Not very common at all. I suspect those oversize bearings sold ten years ago at Ozzie's where ordered on mistake. I personally have changed a lot of airhead rod bearings and I have never seen one take oversize bearings. I have never heard of it from any mechanic I have ever worked with? There is still no need to plastigauge rod bearings. Measure the journals. You don't even need a mic. .010 or .020 or .030" is plenty easy enough to determine with a vernier caliper. Wrong size bearing? They will be too loose or stuck solid after you tighten the rod bolts. Who would do that?
I agree 100% I'll pull the sidecar off tonight and tomorrow start pulling the top end. The one thing I should mention-when I first started this motor after it had been sitting for almost 10 year once it warmed up it smoked like it had a stuck ring so I added a small amount of Marvel Mystery oil to the oil and to the gas. After a few miles the smoking went away so I changed the oil, but left the fiter(BMW 20/50). The next day it started to knock.
My G/S developed a stuck ring after sitting on the side stand in my tight workspace for a month or more while I worked on a new seat. Smoked like a broken chainsaw. Just terrible and got even worse after warmup. I dumped the oil and put in 1/4 liter of ATF and 1.75 of regular 20/50 MC oil. Within a minute it stopped smoking. Ran it like that for a couple hundred kms, dumped the oil again and put in fresh stuff. No problems since! Mike at Ozzies told me about Marvel mystery oil and how it was good for oilhead fuel injectors. Never thought to add some to the motor oil. Thanks for the tip Chris.
This is obviously not Chris' problem and I don't want to belabor an off-topic subject but I was curious about how commonly cranks were underground from the factory and posed the question on the Airheads list. Tom Cutter and Snobum both indicated that it is not common but that it certainly occurred. Just a heads up for anyone else replacing the con rod bearings. The oversize bearing shells were not stamped with an oversize number like the automotive ones I am more familiar with. You had to look up the part number (or measure) to determine they were not standard size. Chuck
Anything is possible and Tom might actually know. It's just that I take all info from BMWAG, B+S, and NA with a grain of salt. It has payed off numerous times! Chances are this isn't Chris's problem but it is very much on topic IMO. My point is that if there ever was a crank that came out of the factory underground to spec, it would be impossible to assemble it with a different size bearing and not notice it. The rod would either rattle on the journal or lock solid depending on if the bearing was too big or too small. It would be impossible to put an oversize bearings on a standard crank. The engine wouldn't turn over. Save your plastigauge for when it matters.
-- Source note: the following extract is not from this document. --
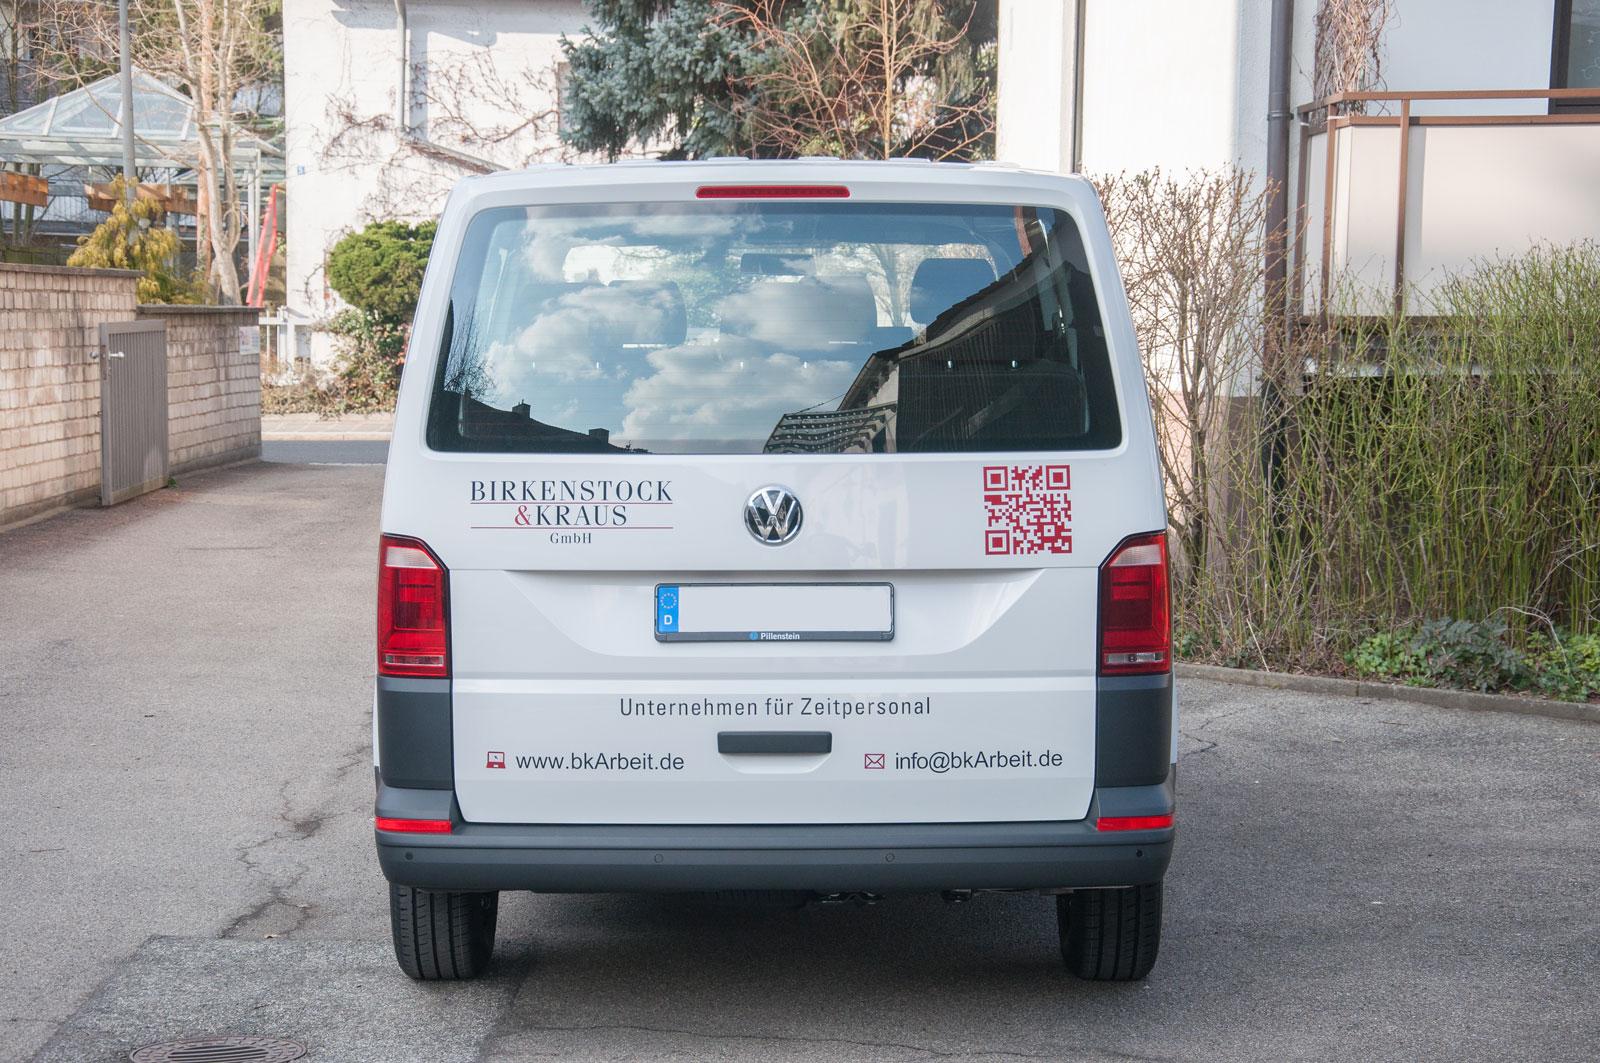 Beklebung vom Firmenwagen von Birkenstock & Kraus GmbH

The left wrist pin slid out a little to easy and the right took a little persuading. The left rod small end is pretty beat up.
What do the crank journals measure? What does some plastigauge say about the big end clearance? What does the small end measure? (you replace those bearings sometimes too.) What do the pins measure? What about the piston OD, cylinder and taper? Bore ID, cylinder and taper?
It looks like the problem was not rod bearings. Also, 30 psi at 1100 rpm and 70 psi at 3000 rpm is good oil pressure. Are you sure the problem is not pre-detonation knocking? How do the heads and pistons look - is there a lot of carbon? Any indication that the valves are contacting the piston (or carbon on the piston)? Could this be a piston slap problem? Now is the time to address any and all of these (somewhat unlikely) causes. Could this 'knock' be timing chain slap? Good luck!
I raised the needle position up one notch and now it runs a little rich and took it for a good ride today. The noise is back. So I have oil pressure, timing is correct, fuel mixture good. I don't think it's the timing chain because you would here it at idle. I'm starting to wonder if there is something rattling under the tan or next to the starter.
Run a tank of high test. That will put detonation to bed. Then work on making it knock at idle. If you can find a big deserted parking lot, try it without a helmet and bounce it around. You may well find something to your 'something rattling' theory.
I only run 91 octane and I have been riding it around the shop without a helmet for weeks trying to pin point it.
Check plugs w/ magnifying glass for signs of detonation (typically the insulation is white with tiny beads of molten metal). Unless you just want a shop bike, try a parking lot, a bumpy one. Check the usual suspects: missing center stand bumpers, Ovalised shock bolts, loose subframe bolts, loose battery box bolts, any bolt on the front end, coil mounts, etc.
I don't know how old the bike is but, the original timing chain tensioner fitted to the single timing chains, used to make a bloody awful noise when worn, BMW later rejigged the design and the problem went away.
Update. I checked the jetting and 170 mains, 45 idle. I raised the needle one notch. Still runs fine and I can start it without the chokes on. I pulled the plugs and they look a little on the lean side. The motor is a 1976 R90/6 with 40mm Bings(odd combo). Still trying to find the noise.